4.1. Interval Scheduling: The Greedy Algorithm Stays Ahead

The Greedy Algorithm stays ahead means that if we measure the greedy algorithm's progress in a step-by-step fashion, we see that it does better than any other algorithm. Thus it produces an optimal solution. For the Interval Scheduling Problem, we have a set of requests {1,2,3,…,n} where the i^th request corresponds to an interval of time starting at S(i) and finishing at f(i). A subset of requests is compatible if no two of them overlap in time,and our goal is to accept as large a compatible subset as possible. Compatible subsets of maximum size are called optimal.

Designing a Greedy Algorithm

–> The basic idea when designing a greedy algorithm for the interval scheduling problem is to select a first request i₁. Once the first request is selected, all of the requests not compatible with it are rejected. We then select the next request i₂ to be accepted,and eliminate all of the requests not compatible with it. We continue in this way until there are no more requests.

–>Thus the biggest issue is to find a simple way of selecting requests.

–> To select the first request, we examine a number of options,and decide which greedy rule can give us the optimal solution. It turns out that one of the best choices would be to select a request with the fewest conflicts possible: the request with the fewest number of non compatible requests.

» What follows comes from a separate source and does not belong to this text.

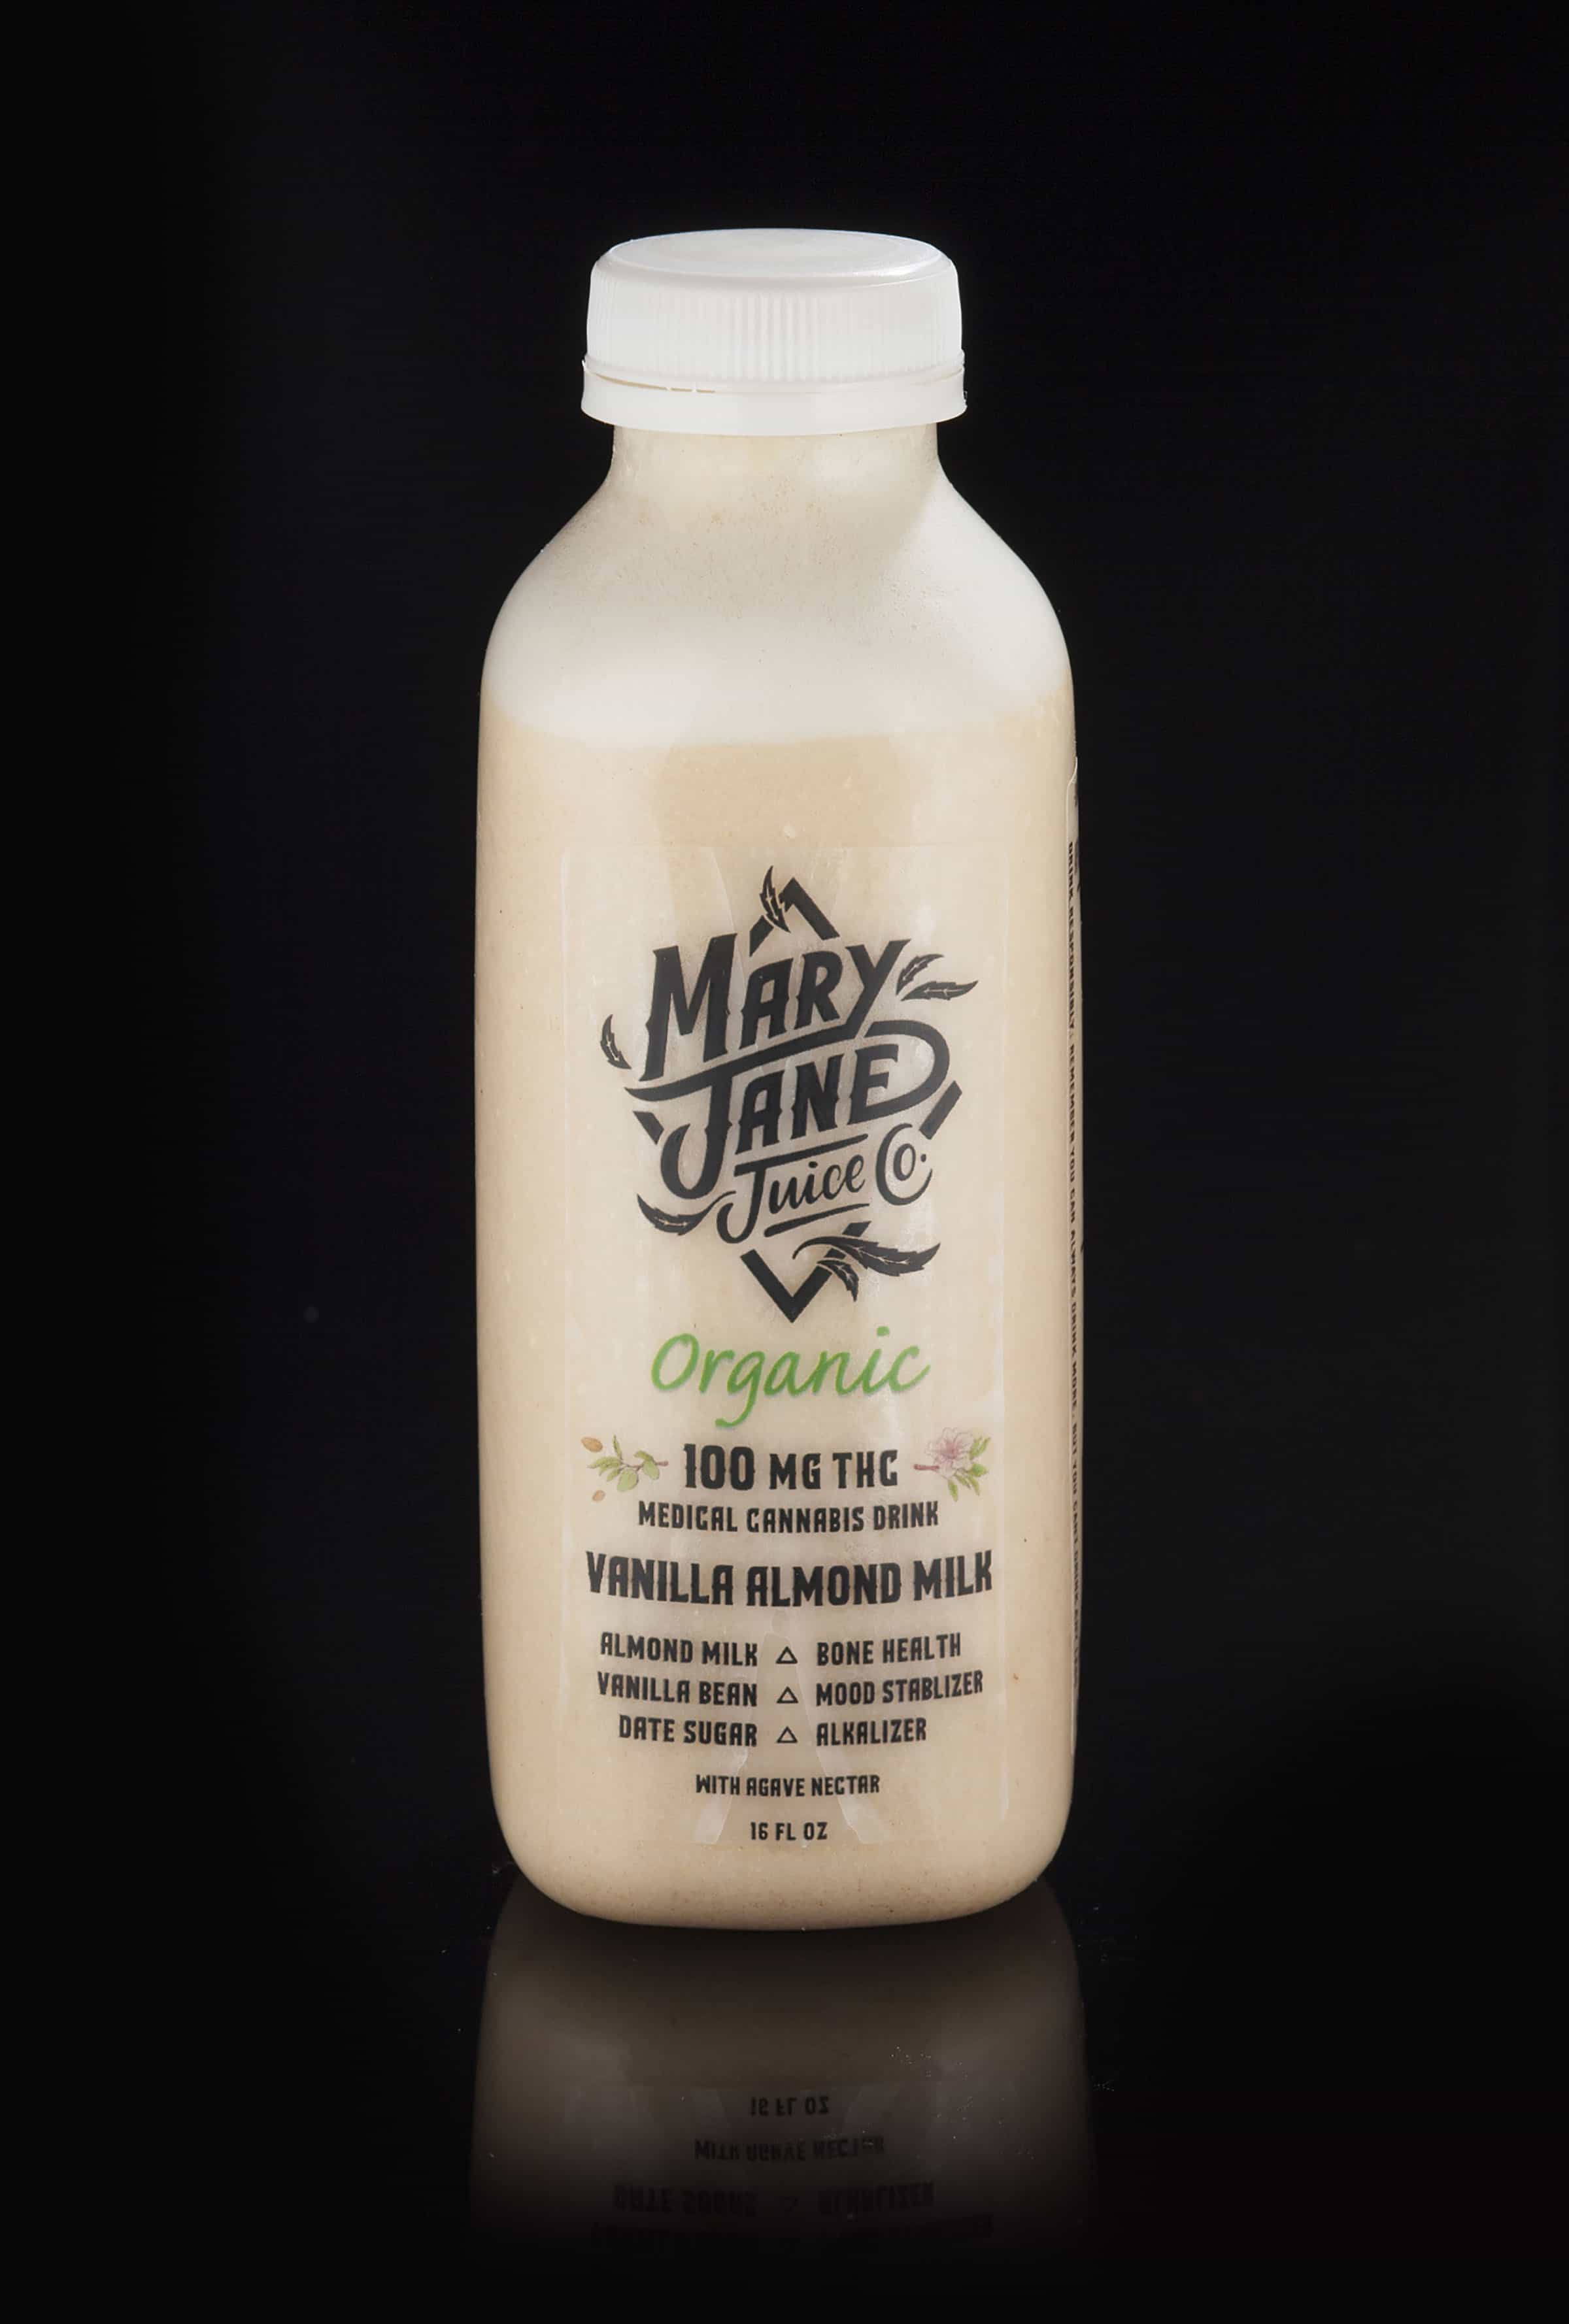 e33_organic_vanilla_almond_milk_mary_jane_juice_co

When we can find a counterexample to our best choice greedy rule, we can still use another greedy rule to find an optimal solution. In this case, we choose the greedy rule that gives us the next big subset with the fewest number of non compatible requests

Algorithm

Let R be a set of all requests, and let A be the set of accepted requests
Initially, let A be empty
While R is not empty

Choose a request i in R that has the smallest finishing time
Add request i to A
Delete all requests from R that are not compatible with request i

End While
Return the set A as the set of accepted requests

Algorithm Analysis And implementation

The set A returned is that of compatible requests and it is optimal.
For all indices r ≤ k, we have f(i_r) ≤ f(j_r), f(j_r) being the finishing time of the request in the optimal solution corresponding to the request f(i_r) in A

Implementation

–>Our goal: A O(nlogn)running time

First sort the n requests in order of finishing time and label them in this order:f(i) ≤ f(j) if i ≤ j. Sorting takes O(nlogn) time)
We then construct an array S[1,…,n] where S[i] contains the value S(i). This takes O(n) time.

Now we select requests in order of increasing f(i). We always select the first interval.
Then iterate through the interval in order until S(j) ≥ f(1). We then select this interval S(j).
In this way, we spend O(1) time per each interval and implement our greedy rule in a single pass through the intervals. This part of the algorithm takes O(n) time.

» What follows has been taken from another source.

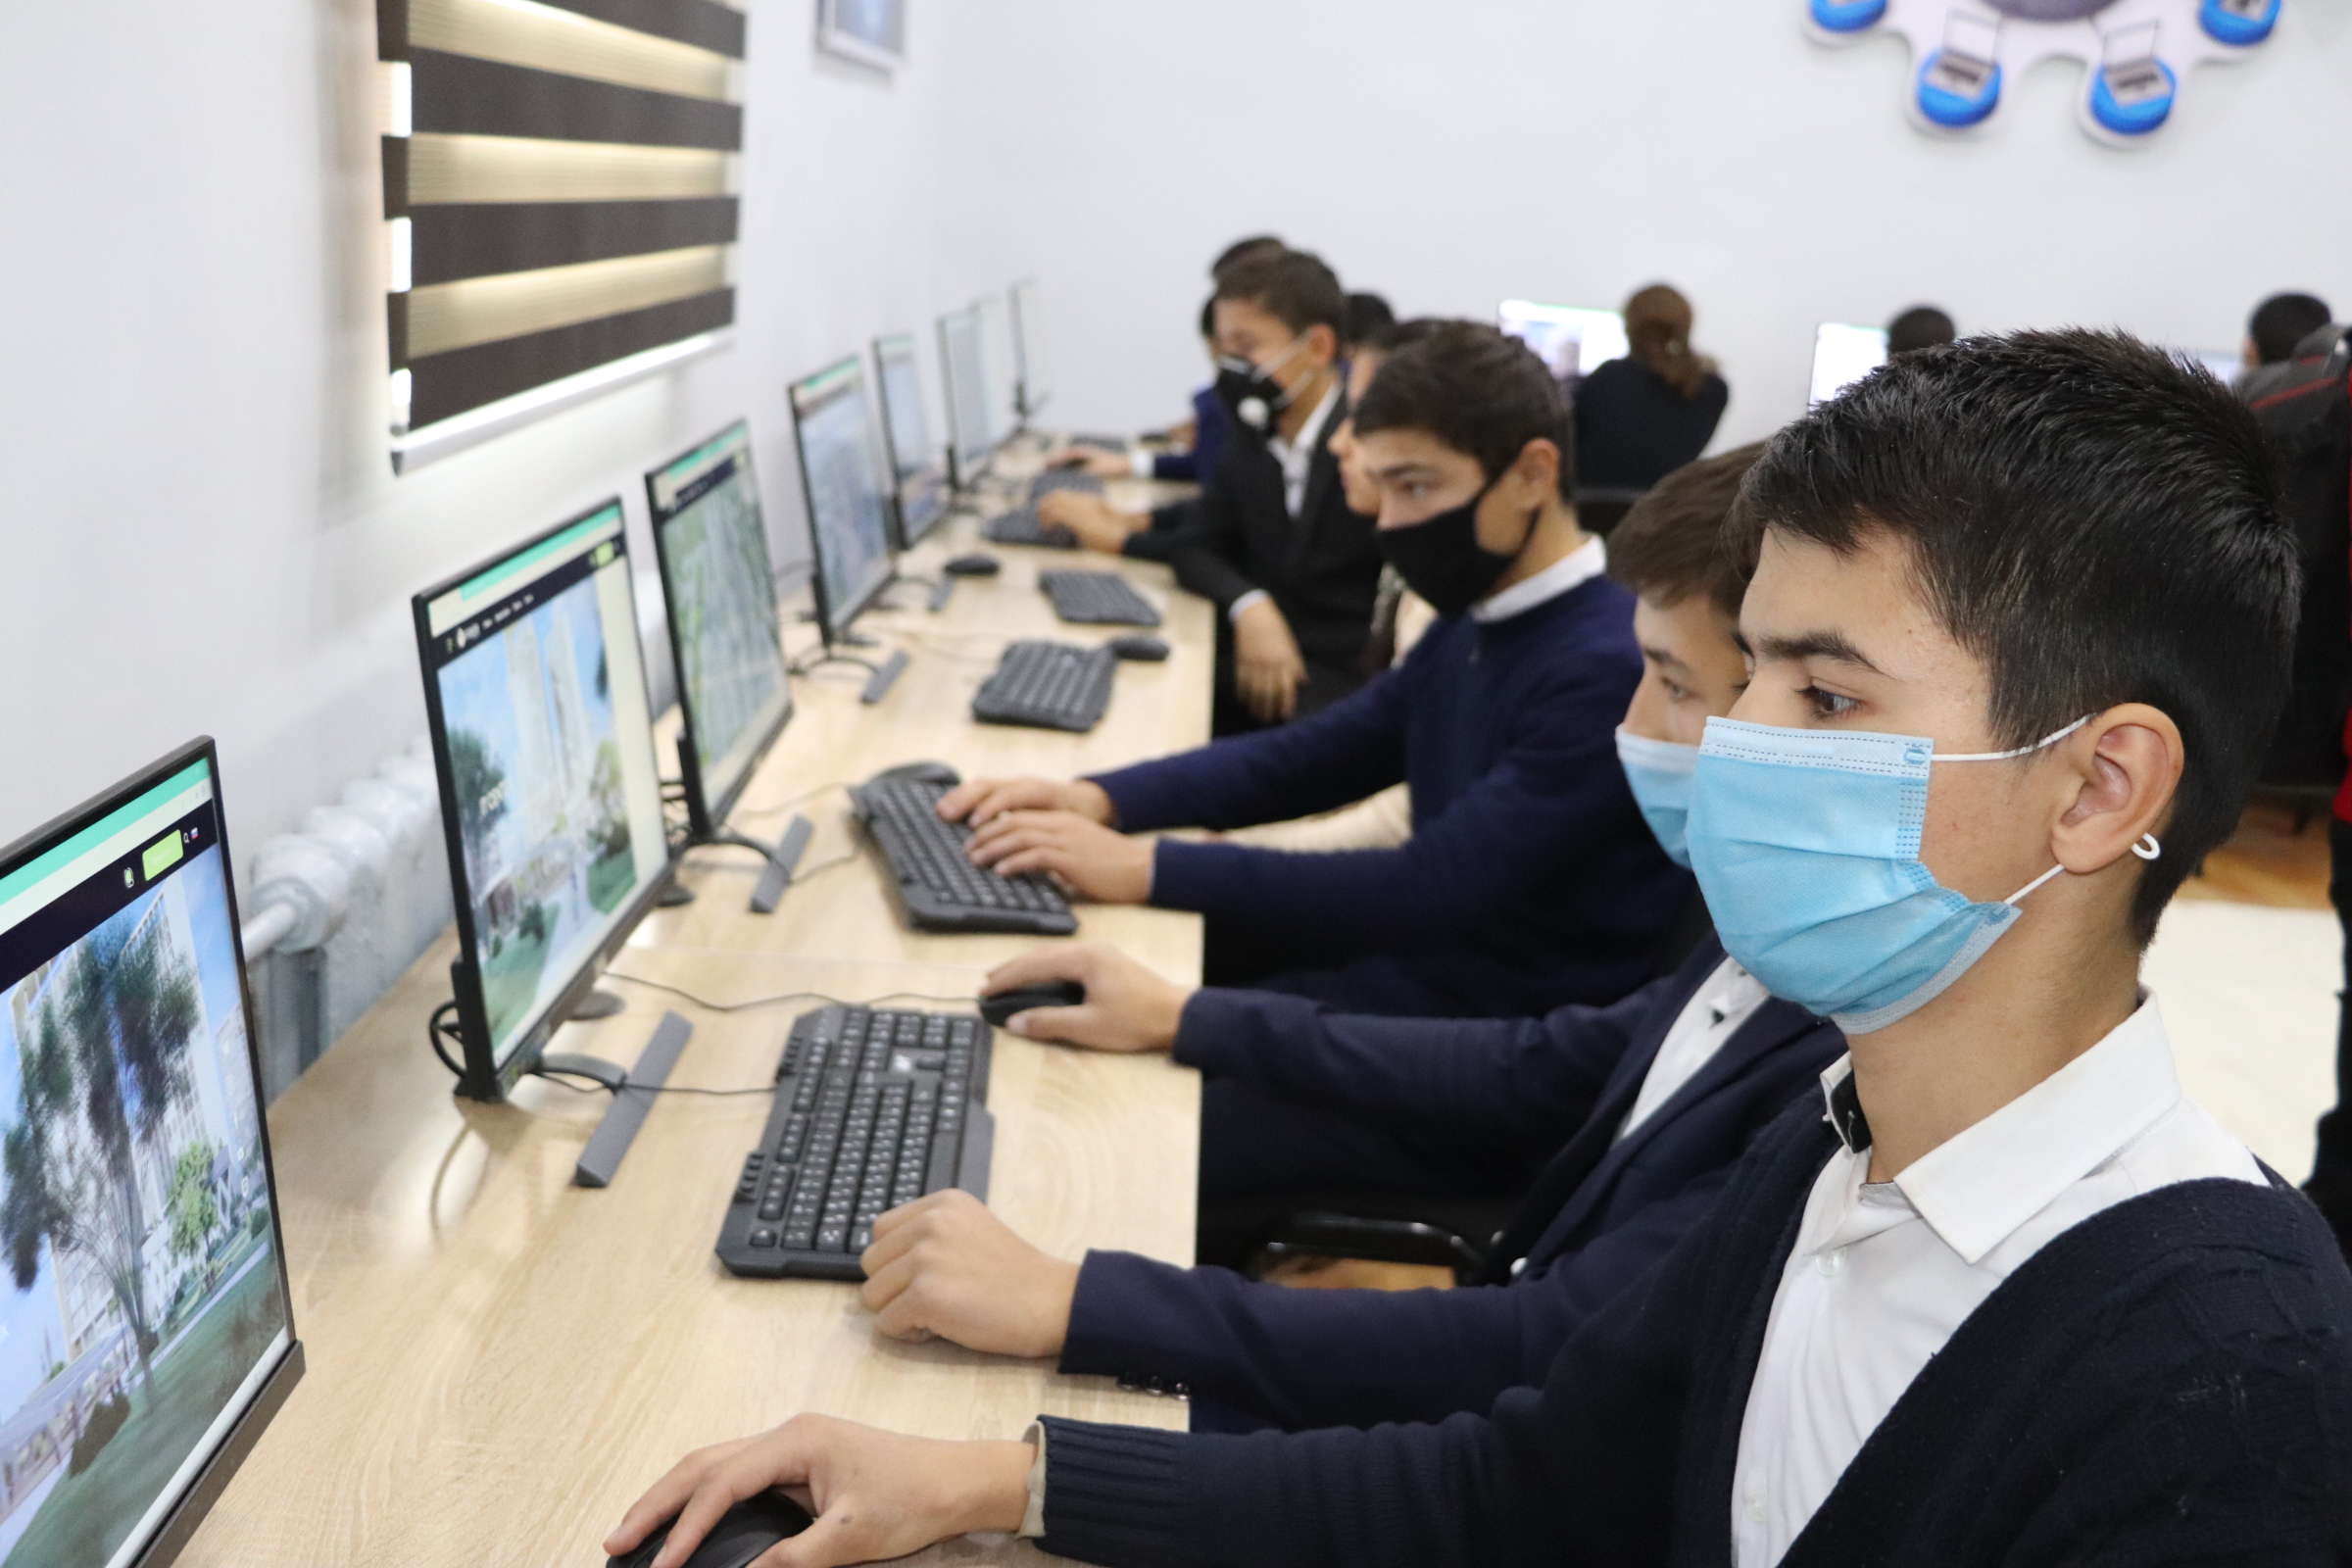 Maktab uz login parol. Информационные технологии в Узбекистане. Компьютер технологиялари. Информатика ахборот технологиялари. Современные технологии в Узбекистане.

Extensions of the Interval Scheduling Problem

For all scheduling problems, all of the requests are not known in advance. In case all of the requests are not known in advance, the greedy algorithm must take decisions as time goes on.
The solution given here assumes all of the requests are of equal value. However, they may have different values associated with them, such as in the case of the Weighted Interval Scheduling Problem.

A Related Problem: Scheduling all of Intervals

With this problem,we have many identical resources available and we wish to schedule all of the requests using as few resources as possible.
The goal here is to partition all intervals across multiple resources: Thus the problem is called the Interval Partitioning Problem.
The depth of a set of intervals is the maximum number of intervals that pass over any single point on the time-line
The number of of resources needed is always at least the depth of the set of intervals.

Algorithm for the Interval Partitioning Problem

Sort the intervals by their start times,breaking ties arbitrarily
Let I₁,I₂,…I_n be the intervals in that order
For j = 1,2,3,…n:

For each interval I_i that precedes I_j in sorted order and overlaps it:

Exclude the label I_i from considerations for I_j

End For
If there is any label from {1,2,…d} that has not been excluded:

Assign a non excluded label to I_j

else:

Leave I_j unlabeled

End if

End For

–> With this algorithm, every interval is assigned a label and no two overlapping intervals receive the same label.

–> This algorithm also schedules every interval on a resource using a number of resources equal to the depth of the set of intervals.

After writing this section,I realized how tricky,yet simple, designing a greedy algorithm. As it was an introduction to greedy algorithm, one reading wasn't really enough for this section to make sense. But after rereading it, it now make senses.

On our usual rating scale, I give this section an 8/10.